The American Lyme Disease Foundation also recommends wearing light-colored clothing to make it easy to spot ticks and checking clothing and exposed skin for ticks regularly. Possibly the most important method of prevention, according to the foundation, is to perform a full-body tick check before bed if you have taken part in any outdoor activities during the day. Children, especially, should be checked; parents can make a nightly tick check part of the bedtime ritual.
Remove a tick by grabbing it with tweezers as close to the skin's surface as possible and pulling upward. If the mouthparts break off, try to remove them with the tweezers as well. Then clean the bite with alcohol or soap and water and monitor the area for signs of infection.
"After you get that tick bite there are different possibilities," Dr. Hacker says. "Lyme is a very interesting condition in that it affects different parts of our bodies. Not everybody gets the same symptoms."

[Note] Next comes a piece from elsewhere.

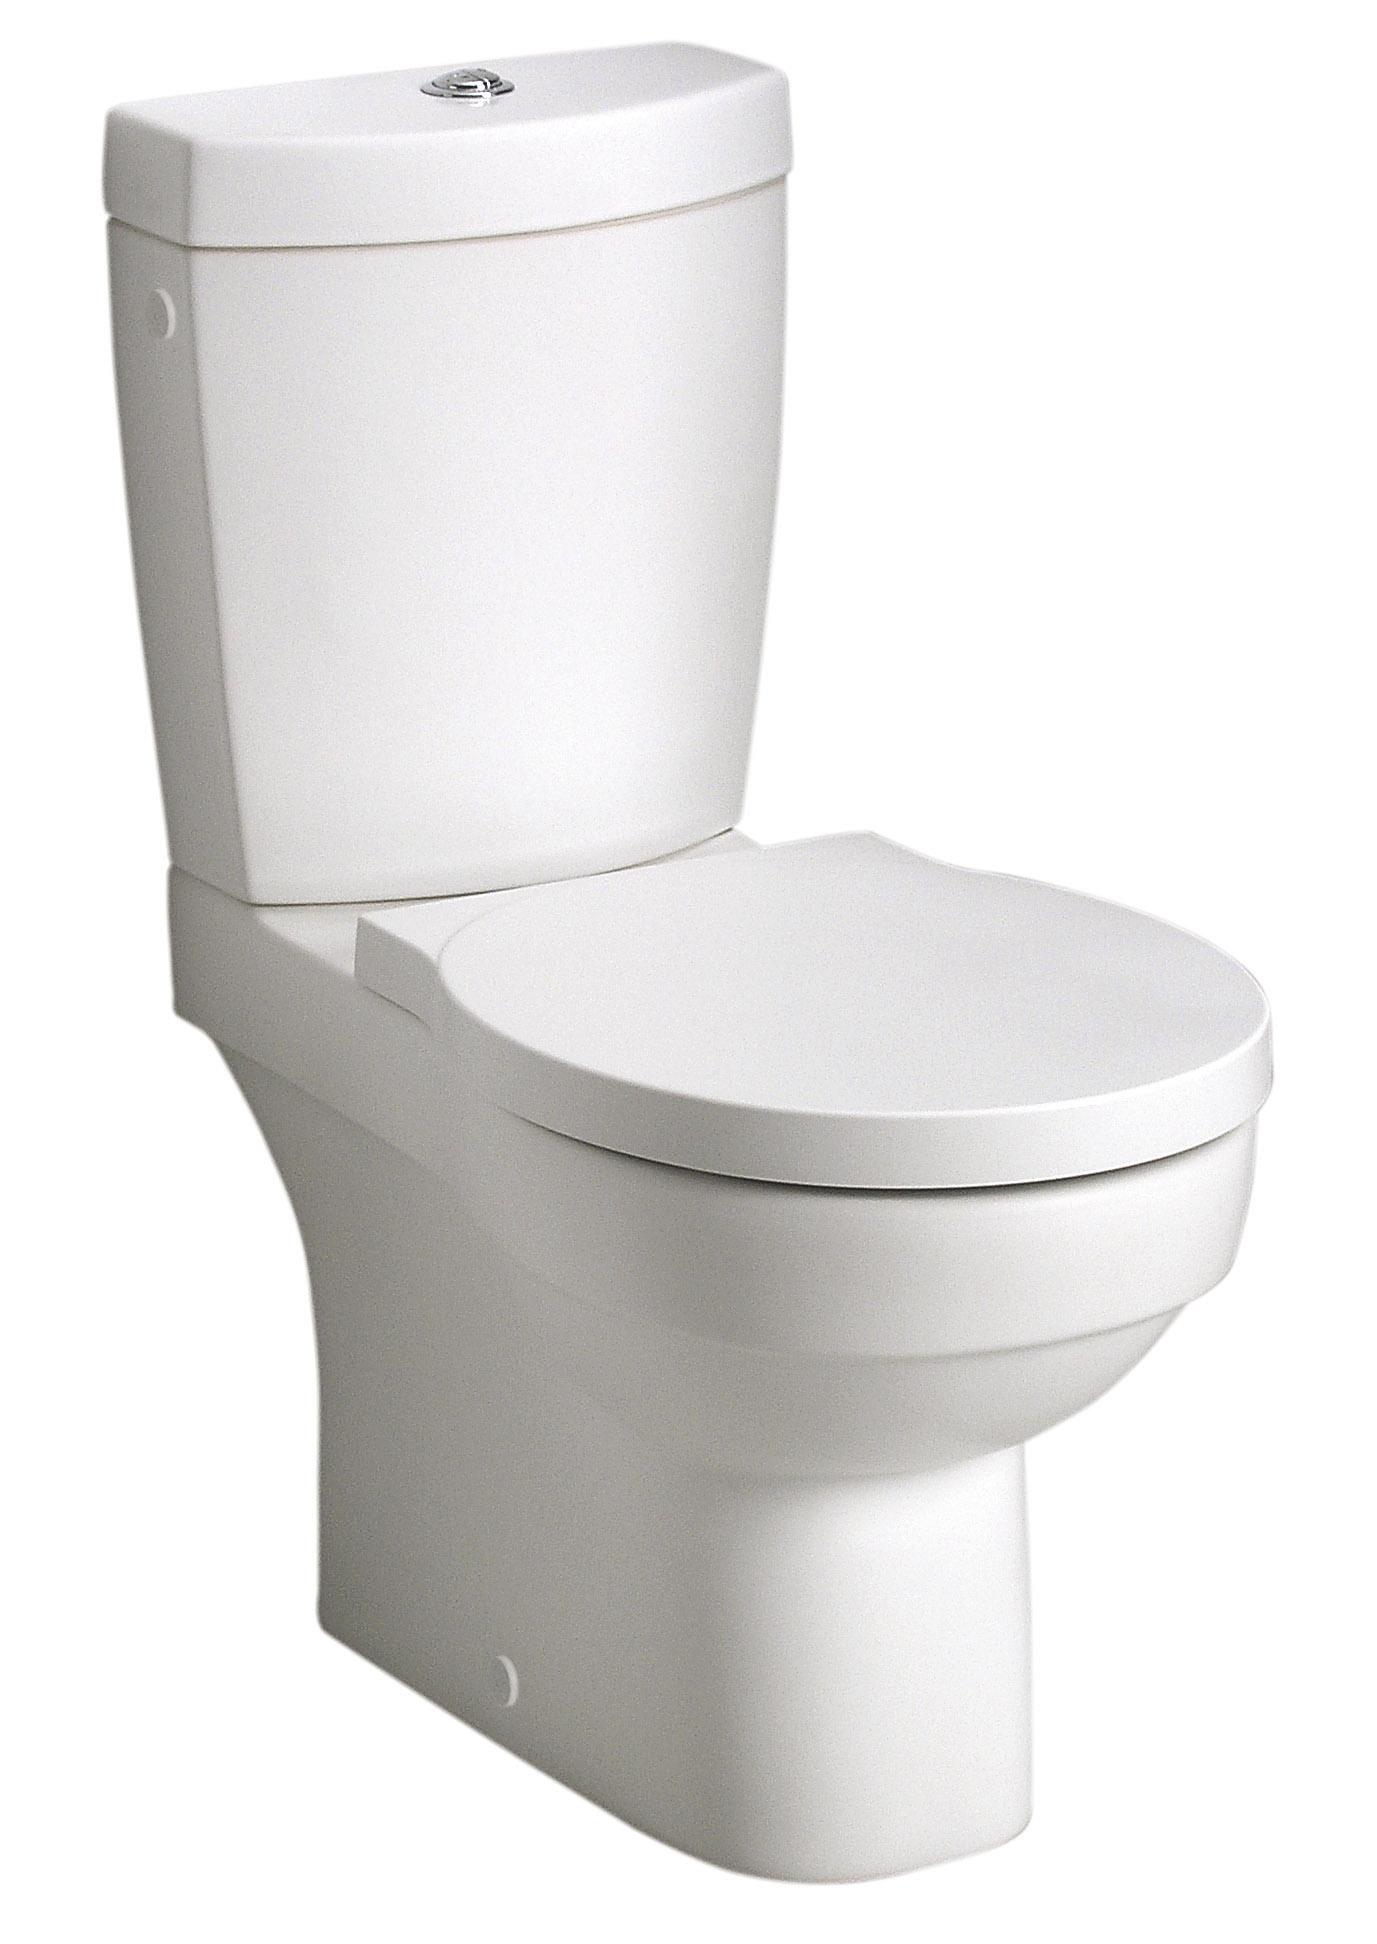 wc/klozety KOLO Varius WC kombi SET Reflex

The first symptoms of Lyme disease tend to appear three to 30 days after a tick bite, according to the CDC. About 70 percent to 80 percent of those infected will develop a rash at the site of the bite called erythema migrans (EM) that gradually expands and can grow to resemble a bull's eye. Other symptoms can include fatigue, fever, chills, muscle and joint aches, headaches and swollen lymph nodes. Patients who seek treatment early take a course of antibiotics and almost always recover quickly and fully.
If the infection isn't treated, other symptoms can develop, including more EM lesions on other areas of the body, facial palsy, stiffness in the neck, severe fatigue, migrating joint aches, heart palpitations and dizziness. While some of those symptoms are likely to go away on their own, failing to get treatment can lead to further complications, including arthritis and neurological problems such as failing short-term memory and numbness in the hands and feet.

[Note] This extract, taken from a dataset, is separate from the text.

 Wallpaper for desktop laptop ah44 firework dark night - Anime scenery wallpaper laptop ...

At Children's Hospital, Dr. Nowalk says, "We've been seeing a ton of [kids] come in not just with rashes in the early stages of the disease but lots of kids who've developed the Bell's palsy, a weakness of the face, with the infection. And a number of kids with arthritis as well."
Children tend to react differently to infection than adults. Adults are more likely to suffer from chronic arthritis, whereas children tend to experience acute arthritis, or bursts of severe joint pain that come and go for brief periods. "And children are much more likely to get nervous system infections," says Dr. Nowalk. Such neurologic complications include Bell's palsy and meningitis.
One fact that might be feeding the myth that Lyme disease is incurable is that a minority of patients (10 percent to 20 percent, according to the CDC) receive treatment but continue to experience symptoms, a condition known as post-treatment Lyme disease syndrome. It is similar to other chronic syndromes like chronic fatigue syndrome and fibromyalgia; its origin is unclear, treatment can be hit-or-miss, and symptoms can vary for patients.
"It can be a very challenging diagnosis for many of those patients because there's no easy answer and no quick cure for the symptoms that they experience once they're done with the antibiotic," says Dr. Nowalk. Although researchers are uncertain about what causes the post-treatment syndrome, Dr. Nowalk says, "We certainly know that it seems to be more associated with people who had a long period of infection before diagnosis." Fortunately for parents, the syndrome is rare in children.
As colder weather approaches, the season for infection is coming to an end. But while two-legged humans think about hot apple cider and holiday parties, eight-legged nymphal ticks -- potentially infected with B. burgdorferi -- will be lying dormant under leaf litter, waiting for warmer temperatures and unsuspecting hosts to come along. Welcome to southwestern Pennsylvania's new reality.